The main demand drivers in Oodnadatta are a median household income of $34,736/year, a dwelling mix that is 31% separate houses, roughly 1 schools and 1 parks within the catchment. Together these shape both owner-occupier and tenant demand and are the factors we weight most heavily in the suburb's investment score.
Oodnadatta has a usual resident population of approximately 102, compared with a South Australia suburb median of 3,699 — placing it in the lower half of the state's suburbs by size. Population is the clearest proxy for market depth: more residents mean more transactions and typically a shorter average days-on-market on resale.
Oodnadatta sits 872 km straight-line from the Adelaide CBD. This is a regional market where CBD distance is only indicative — local industry diversity and commute alternatives matter more.
The most recent census recorded a median weekly rent of $73 in Oodnadatta, equating to approximately $3,796/year in gross rental income (state median $320/week). Market rents have typically drifted above the recorded figure — verify against current listings on realestate.com.au and Domain before making an offer.
A reliable median mortgage figure was not captured for Oodnadatta. Use our loan serviceability calculator to estimate a realistic monthly repayment for your target purchase price and deposit.
Census data was not complete enough in Oodnadatta to compute a clean rent-to-mortgage coverage. Use current listings to benchmark weekly rent, then plug your expected purchase price into our rental yield calculator to see whether the investment runs cash-flow positive or negative.

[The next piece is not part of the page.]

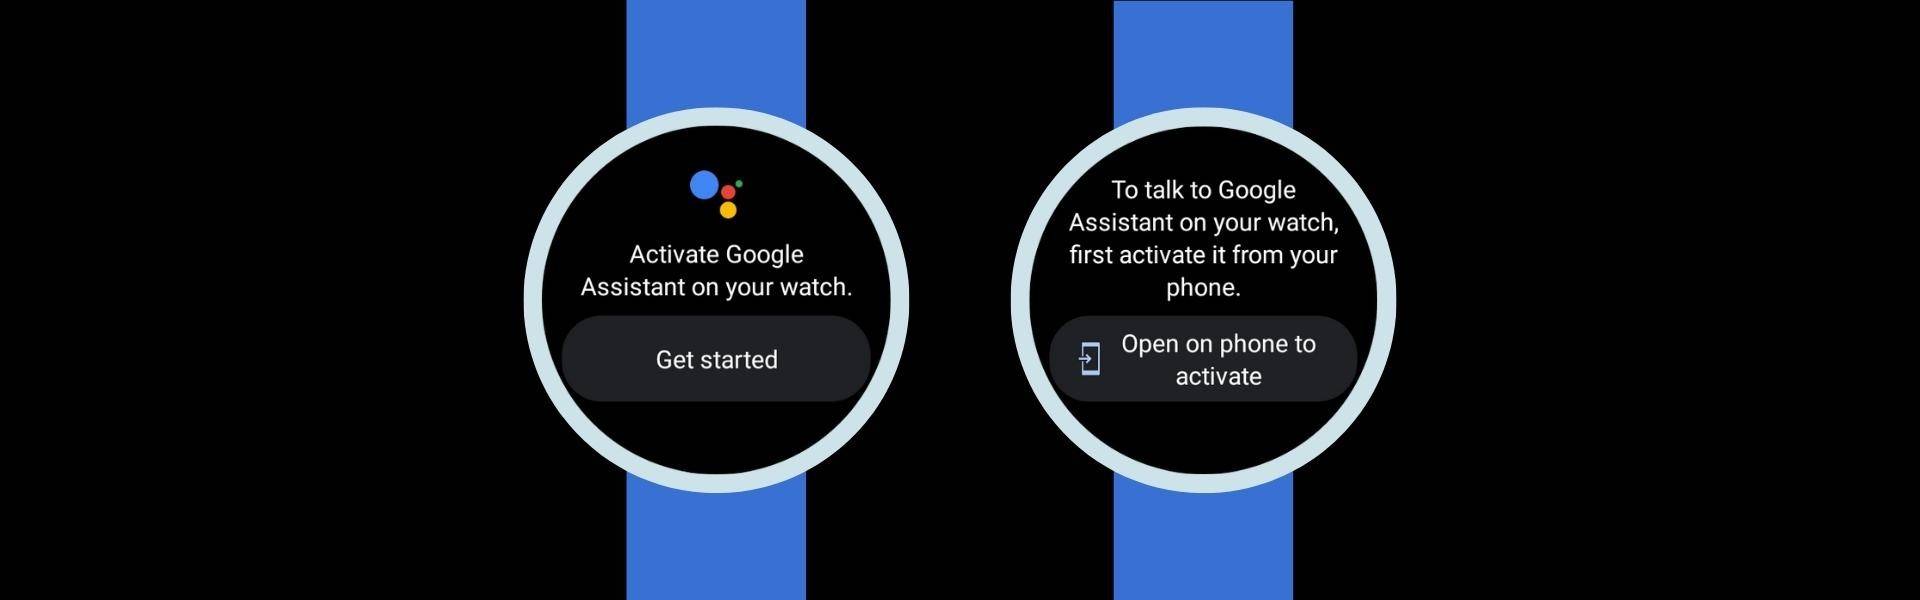 graphics showcasing how users can set up Google Assistant on Galaxy Watch 4

The main risks are a thin buyer pool (102 residents), interest-rate sensitivity, below-median household incomes ($34,736 vs $80,964 state median), a unit-heavy dwelling mix (31% houses) where body-corporate costs and apartment supply affect resale, the broader South Australia market cycle. Each of these is covered in the Risk Factors section above with suburb-specific numbers rather than generic warnings.
Every number on this page comes from the ABS 2021 Census of Population and Housing, Australia Post postcode reference data, and OpenStreetMap amenity tiles. The investment score, strategy verdicts, and comparison table are computed deterministically from those inputs — no opinion, no estimation. See our full methodology and the data sources and licences for the formulas we use.